**Assignment:**
Please return the listing below exactly, without any of its pictures.

Top of Information provided

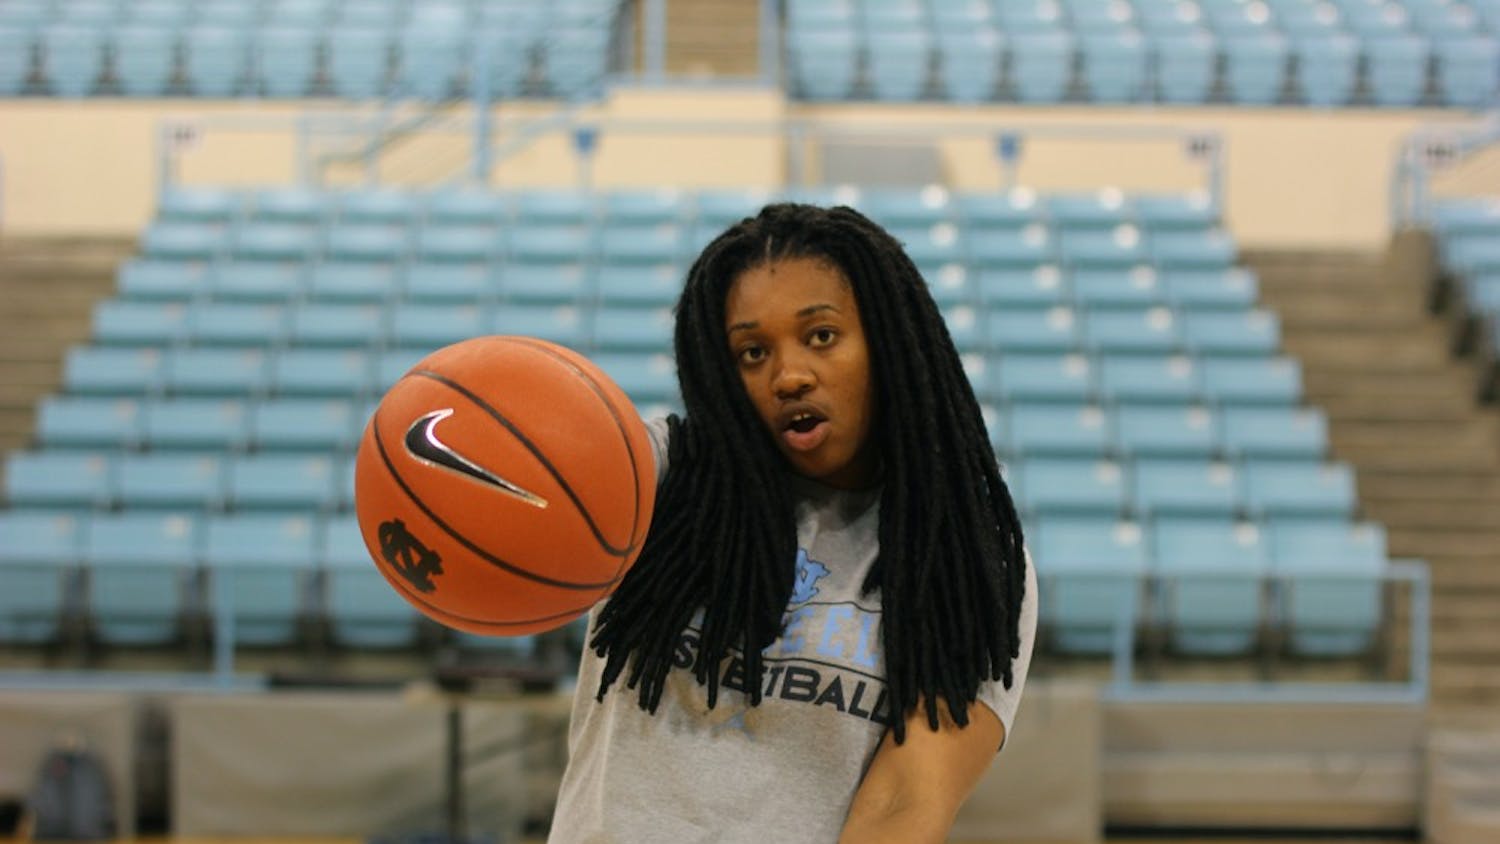 Hillary Fuller is a redshirt senior in her fifth year on UNC's women's basketball team.
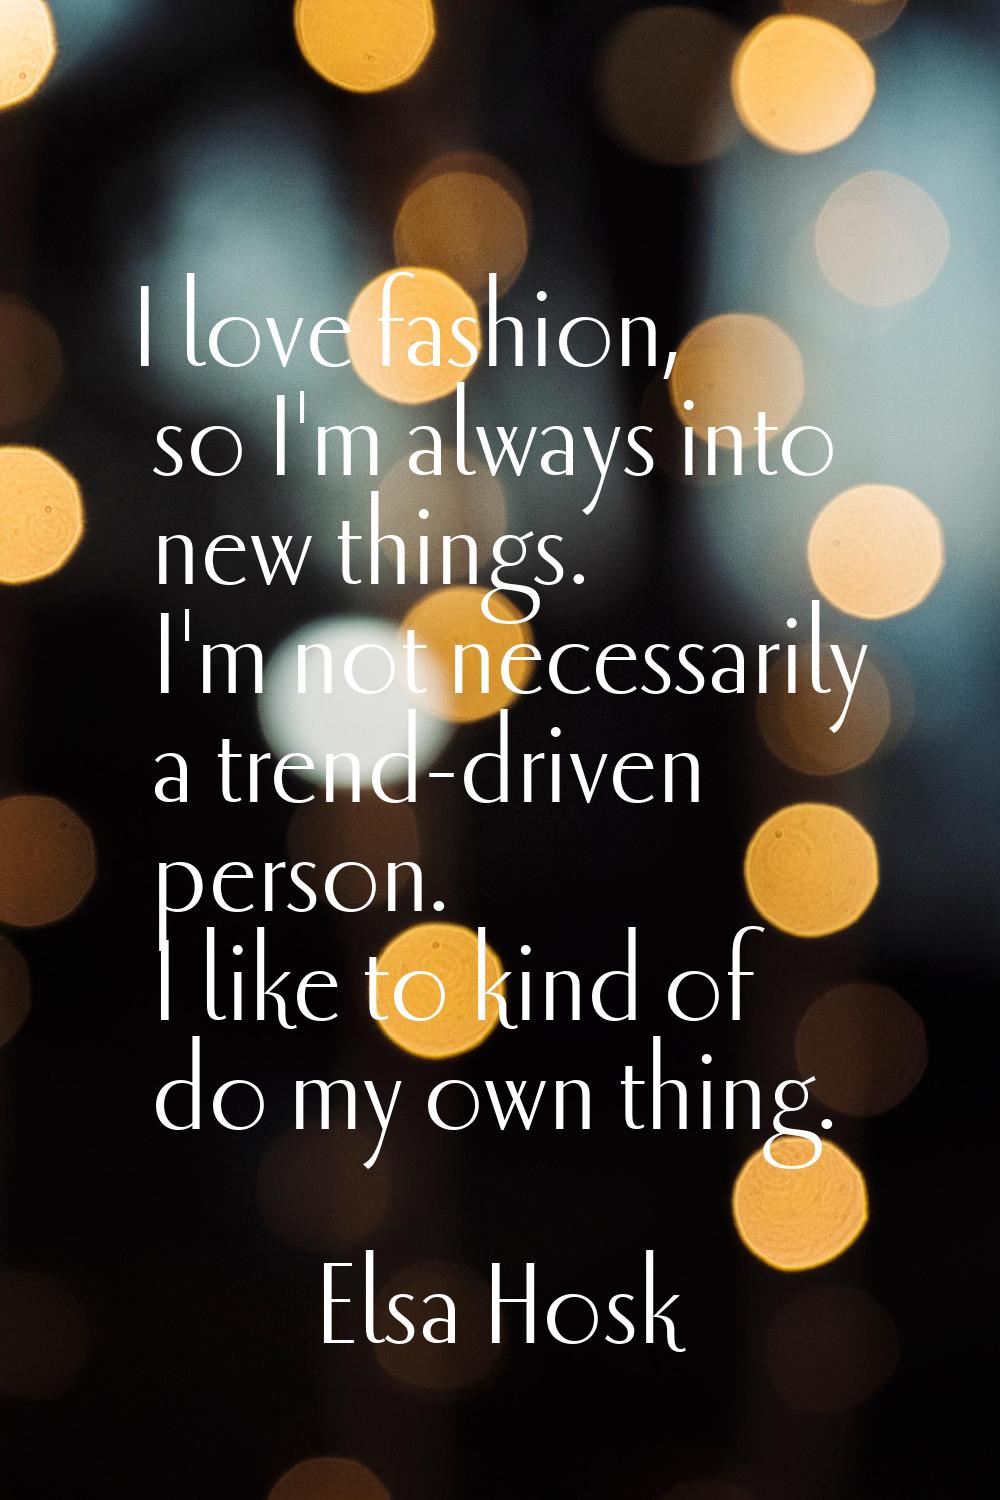 I love fashion, so I'm always into new things. I'm not necessarily a trend-driven person. I like to
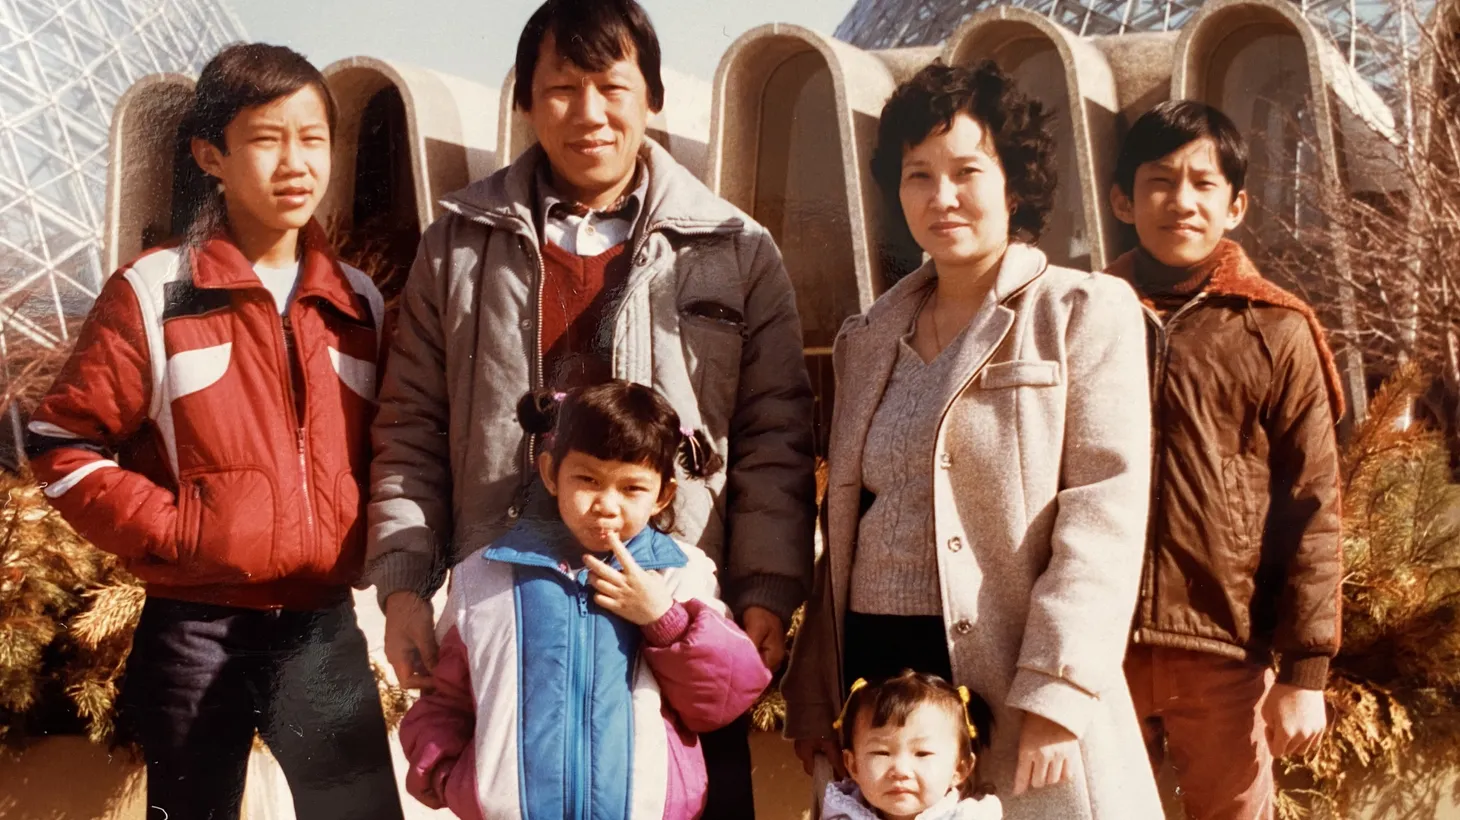 Jean Trinh (pictured here as a baby) says the Chinese cruller was more than a doughnut to her family, it was a symbol of resilience as they immigrated to America.

Bottom of Information provided

**Exercise output:**
 Hillary Fuller is a redshirt senior in her fifth year on UNC's women's basketball team.
 I love fashion, so I'm always into new things. I'm not necessarily a trend-driven person. I like to
 Jean Trinh (pictured here as a baby) says the Chinese cruller was more than a doughnut to her family, it was a symbol of resilience as they immigrated to America.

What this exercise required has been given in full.